Achtergrond
De adolescentie (<24 jaar) is een dynamische levensfase waarin veel veranderingen plaatsvinden en waarin verschillende psychische stoornissen zich voor het eerst voordoen (75%). Het beroep op jeugdzorg is daarbij de afgelopen jaren enorm gegroeid. Dit hangt samen met grote sociaal-maatschappelijke druk, toename van individualisme en een pessimistisch toekomstperspectief. 1 op de 7 kinderen en jongeren doen een beroep op jeugdzorg. Toch lijkt het niet beter te gaan met jongeren in Nederland en zijn er jeugdigen die door de vangnetten van zorg vallen. Daarbij vragen meisjes eerder om hulp dan jongens en is bekend dat jongens 2-3 keer vaker suïcide plegen dan meisjes.
Doel van het onderzoek
Dit onderzoeksproject kan verdiepende kennis en meer handvatten geven teneinde een gender sensitieve attitude in hulpverleners te vergroten.

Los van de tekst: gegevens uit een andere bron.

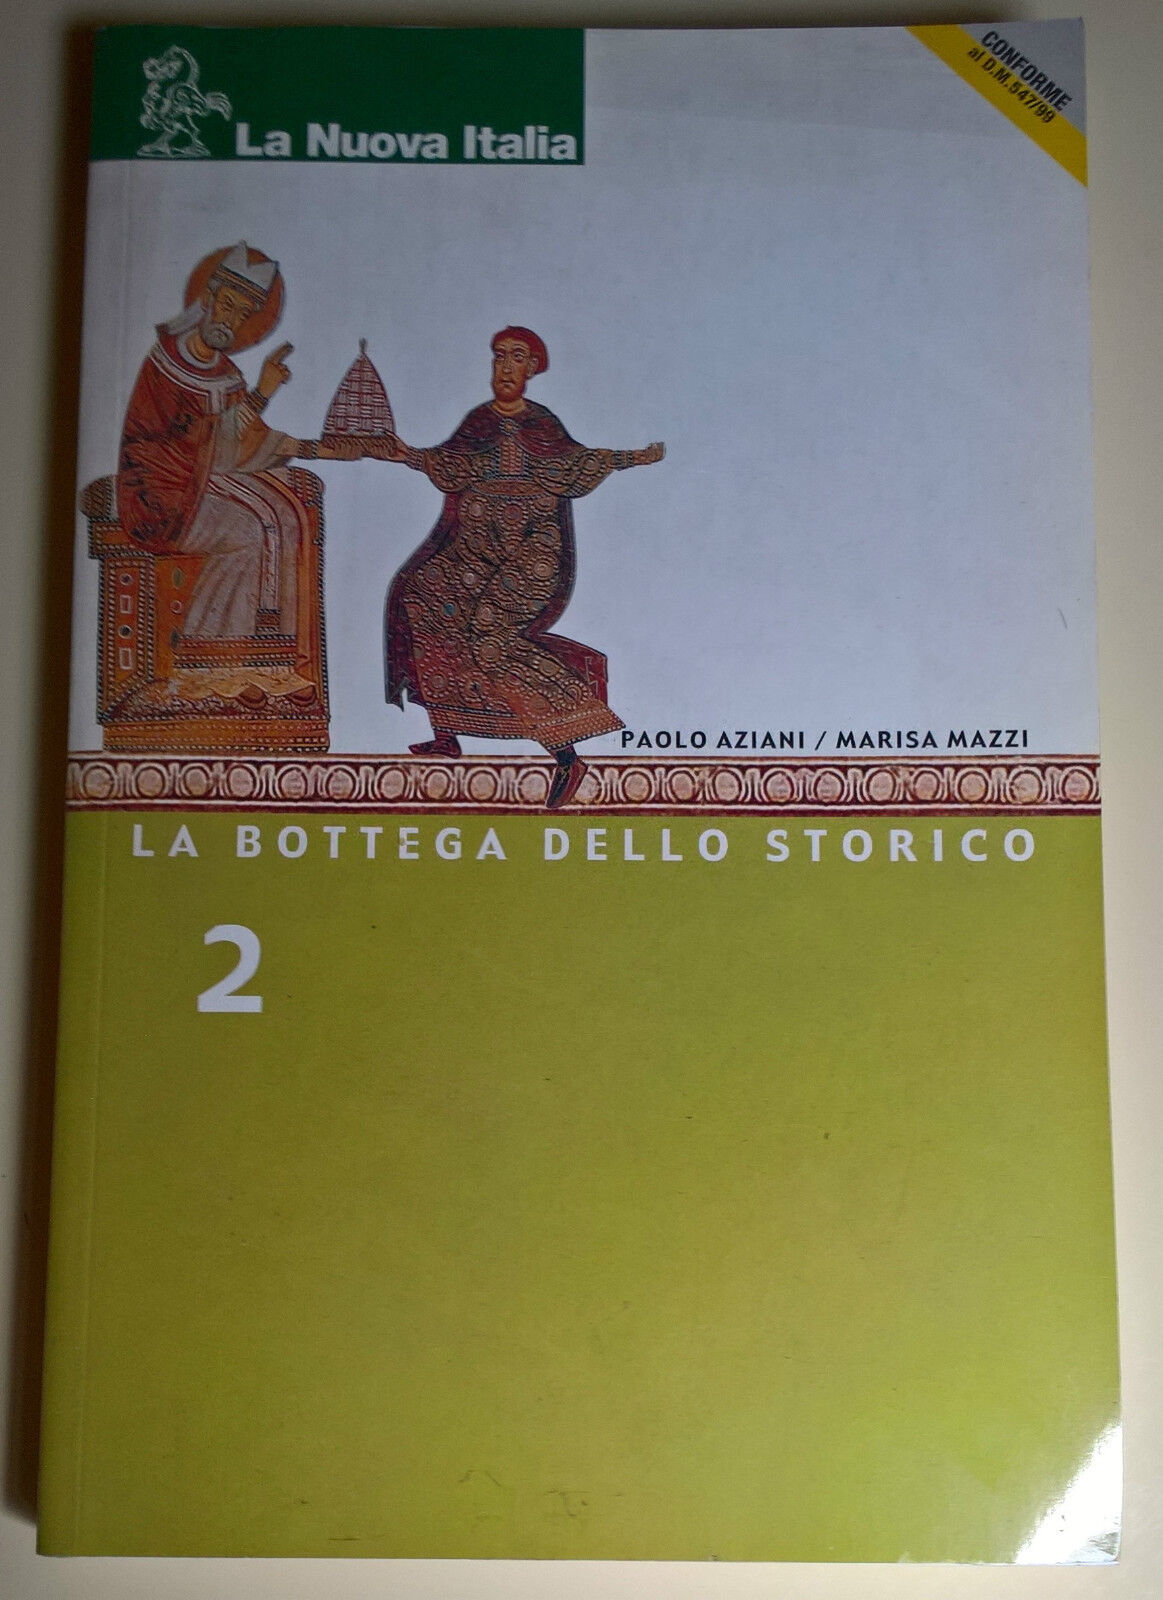 La bottega dello storico 2 - Aziani, Mazzi - 2002, La Nuova Italia - L  libro usato

In samenwerking met ervaringsdeskundigen kan dit leiden tot aanbevelingen voor richtlijnen en de omgeving. Zo vergroten we de kans om nauwer aan te sluiten bij zowel jonge mannen als jonge vrouwen en hen te bieden wat nodig is om uit een suïcidale crisis te komen en om vervolgbehandeling succesvoller te maken.
Aanpak/werkwijze
In samenwerking met 113 worden data over suïcides bij jongeren uit de psychosociale autopsie (PSA)-studie nader geanalyseerd. PSA is een retrospectieve, dynamische, observationele cohortstudie. De PSA is begin 2023 gestart en verzamelt psychosociale kenmerken van personen die door zelfdoding zijn overleden. De studie heeft een mixed-methods design, waarin online vragenlijsten worden gecombineerd met semi-gestructureerde interviews.
Bij het NPI worden de gepseudonimiseerde ROM-data van psychodynamische behandelingen bij jongeren nader geanalyseerd, met inbegrip van gender verschillen en overeenkomsten ten aanzien van beloop en uitkomst van de therapie.